I need to be able to tell if a link (URL) points to an XML file (RSS feed), or a regular HTML file just by looking at the headers, or something similiar (without downloading it)
Any good advice for me there ? :)
Thanks! Roey
I need to be able to tell if a link (URL) points to an XML file (RSS feed), or a regular HTML file just by looking at the headers, or something similiar (without downloading it)
Any good advice for me there ? :)
Thanks! Roey
just read it in a "text" reader. then decide which is best by, for example, looking for some tags comes to mind ;) then chuck it in your actual reader.
or is that too simple?
You can use the Content-Type
header, and to save bandwidth you can force web server to serve you a specified part of a document. If the server includes Accept-Ranges: bytes
header in its response, you can use Range: bytes=0-10
to download first ten bytes only (or even try not to download anything).
Also research HEAD
verb instead of GET
.
You cannot find out what file type it is just from looking at the URL.
I suggest you try to check the MIME-type of the document you request, or read the first line and hope the author has put in a Doctype.
You could just do a HEAD request instead of a full POST/GET
That will get you the headers for that page which should include the content type. From that you should be able to distinguish if its text/html or xml
Theres a good example here on SO
Following up on Eoin Campbell's response, here's a code snippet that should do exactly that using the System.Net
functionality:
using (var request = System.Net.HttpWebRequest.Create(
"http://tempuri.org/pathToFile"))
{
request.Method = "HEAD";
using (var response = request.GetResponse())
{
switch (response.ContentType)
{
case "text/xml":
// ...
break;
case "text/html":
// ...
break;
}
}
}
Of course, this assumes that the web server publishes the content (MIME) type and does so correctly. But since you stated that want a bandwidth-efficient way of doing this, I assume you don't want to download all the markup and analyse that! To be honest, the content type is usually set correctly in any case.
Check the headers in your HttpWebResponse object. The Content-Type header should read text/xml for an XML/RSS document and text/html for a standard web page.

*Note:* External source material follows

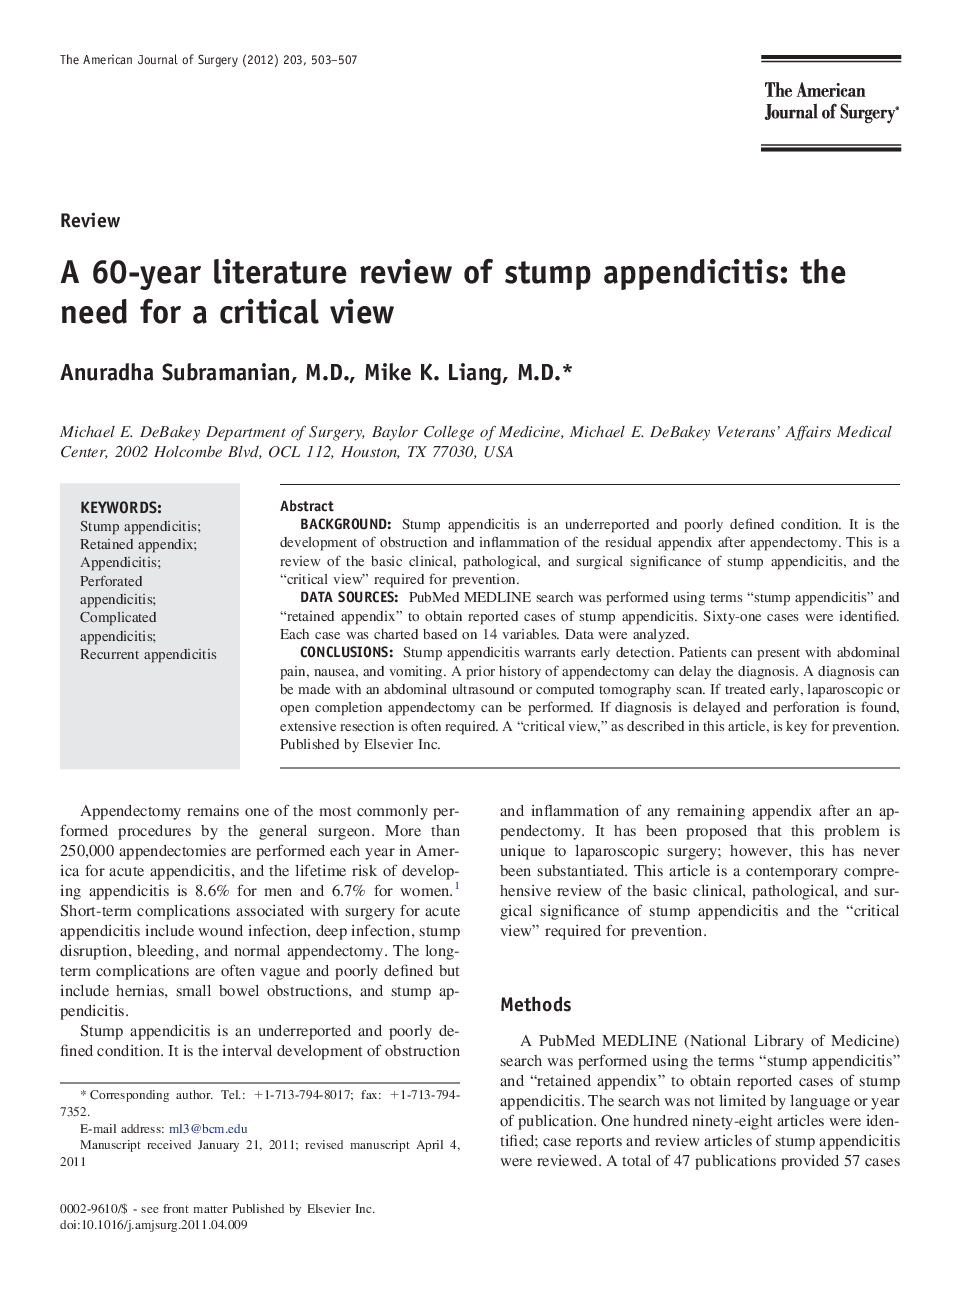 A 60-year literature review of stump appendicitis: the need for a critical view

Generally speaking, this impossible. This is because it is possible (though unhelpful) to serve either HTML or XML files as application/octet-stream. Also, as noted by others, there are multiple valid XML mime types. However, a HEAD request then content type check could work sometimes:
WebRequest req = WebRequest.Create(url);
WebResponse resp = req.GetResponse();
req.Method = "HEAD";
String contentType = resp.ContentType;
if(contentType == "text/xml")
getXML(url);
else if(contentType == "text/html")
getHTML(url);
But if you're going to process it somehow either way, you can do:
WebRequest req = WebRequest.Create(url);
WebResponse resp = req.GetResponse();
String contentType = resp.ContentType;
if(contentType == "text/xml")
processXML(resp.GetResponseStream());
else if(contentType == "text/html")
processHTML(resp.GetResponseStream());
else
// process error condition
Keep in mind, files are downloaded on an as-needed basis. So just asking for the response object does not cause the whole file to be downloaded.